Batch remove
By Anatoly Mironov
To add items to a list in bulk, or remove them in bulk. Well to do that you can use SPLinq, Server Object Model and … web.ProcessBatchData, which is the most effective. I did an experiment today. I created 1000 tasks in my task list three times and removed all items in three different ways and took time. First I put 1000 items with ajax and listdata.svc:
function pad(n) {
if (n >= 10000) return n;
if (n >= 1000) return '0' + n;
if (n >= 100) return '00' + n;
if (n >= 10) return '000' + n;
return '0000' + n;
}
var s;
var counter = 0;
var title = "task "
function foo() {
counter++;
if (counter > 10000) {
window.clearInterval(s);
}
else {
var value = {};
value.title = title + pad(counter);
createNewTask(value);
}
}
s = setInterval(foo, 200);
Then I ran three different scenarios. Here is the resut for VMWare machine Windows Server 2008 R2, 4GB RAM, SharePoint 2010 SP1:
1000 items
10 000 items
20 000 items
Batch
00h:00m:28s.950ms (29s)
00h:04m:20s.730ms (261s)
00h:08m:35s.260ms (515s)
Object Model
00h:01m:37s.860ms (98s)
00h:16m:40s.770ms (1001s)
00h:33m:50s.250ms (2030s)
SPLinq
00h:02m:24s.070ms (144s)
02h:17m:02s.570ms (8223s)
11h:51m:08s.130ms (42668s)
This result confirms another comparision. See even advantages and disadvantages of linq2sp vs caml. The time includes even the instantiation of the SPSite and SPWeb objects and getting of task ids to remove, this to get a fair comparision with SPLinq, where this instantiation is implicit (within the context).
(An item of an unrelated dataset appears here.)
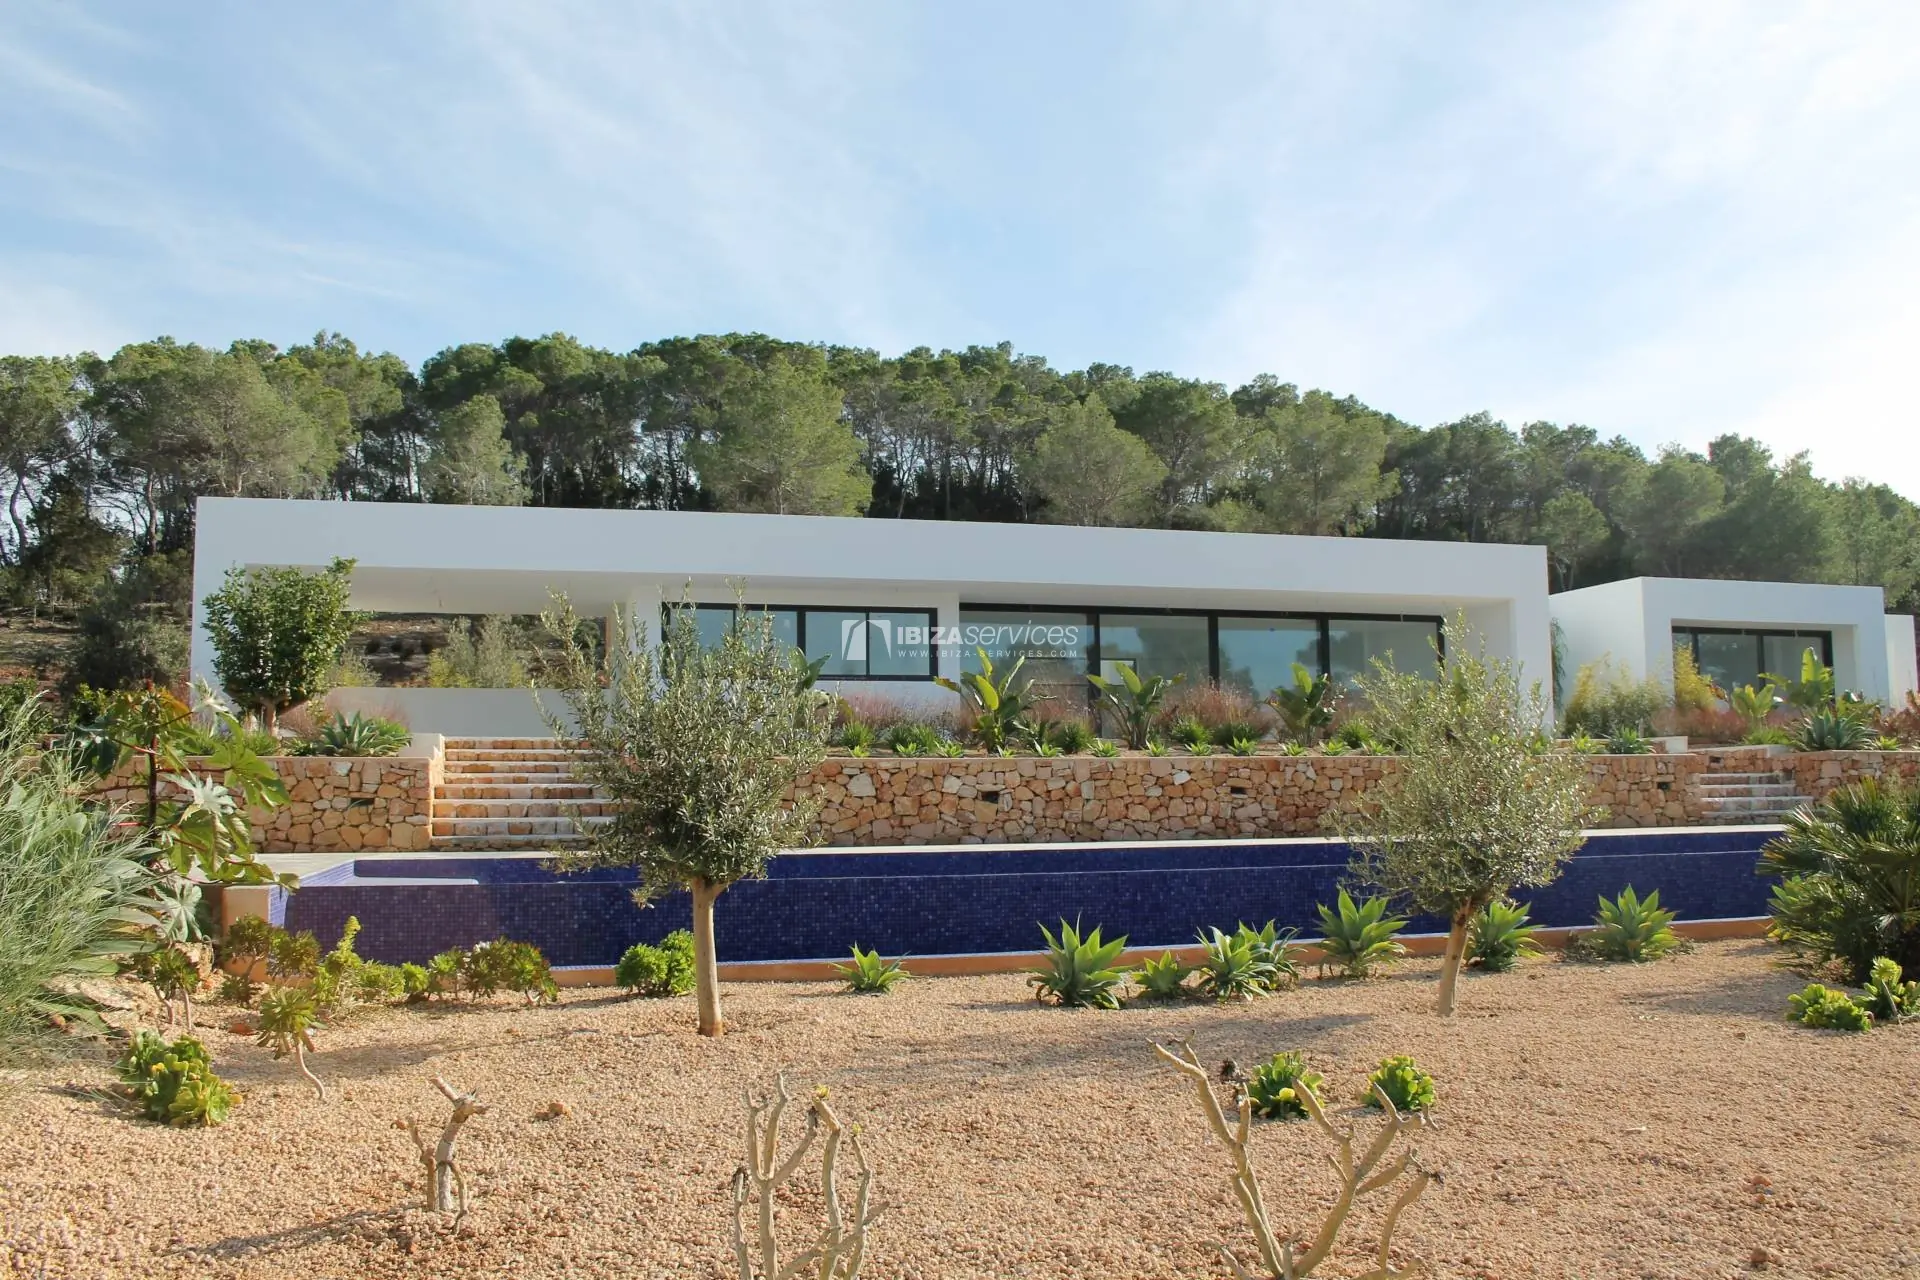 Acheter villa  neuve moderne de 5 chambres San Agustin Ibiza.

Average time for removing one list item:
1000 items
10 000 items
20 000 items
Batch
29.0ms
26.2ms
25.8ms
Object Model
97.9ms
100.1ms
101.5ms
SPLinq
144.1ms
822.3ms
2133.4ms
Some curious facts: 1. SPLinq method left one list item after removing 10 000 batch (task 08787) and three items while removing 20 000 batch (task 07550, task 12042, task 19663). Why? 2. I opened the list sometimes and I found that deleting of items took very long time in the beginning, and then it became faster and faster. I suppose the whole data context was saved after every submission. I am wondering if it would be different if I’d set ObjectTrackingEnabled to false, which is true by default. See the whole blog entry for the code I ran to compare these three ways to remove list items.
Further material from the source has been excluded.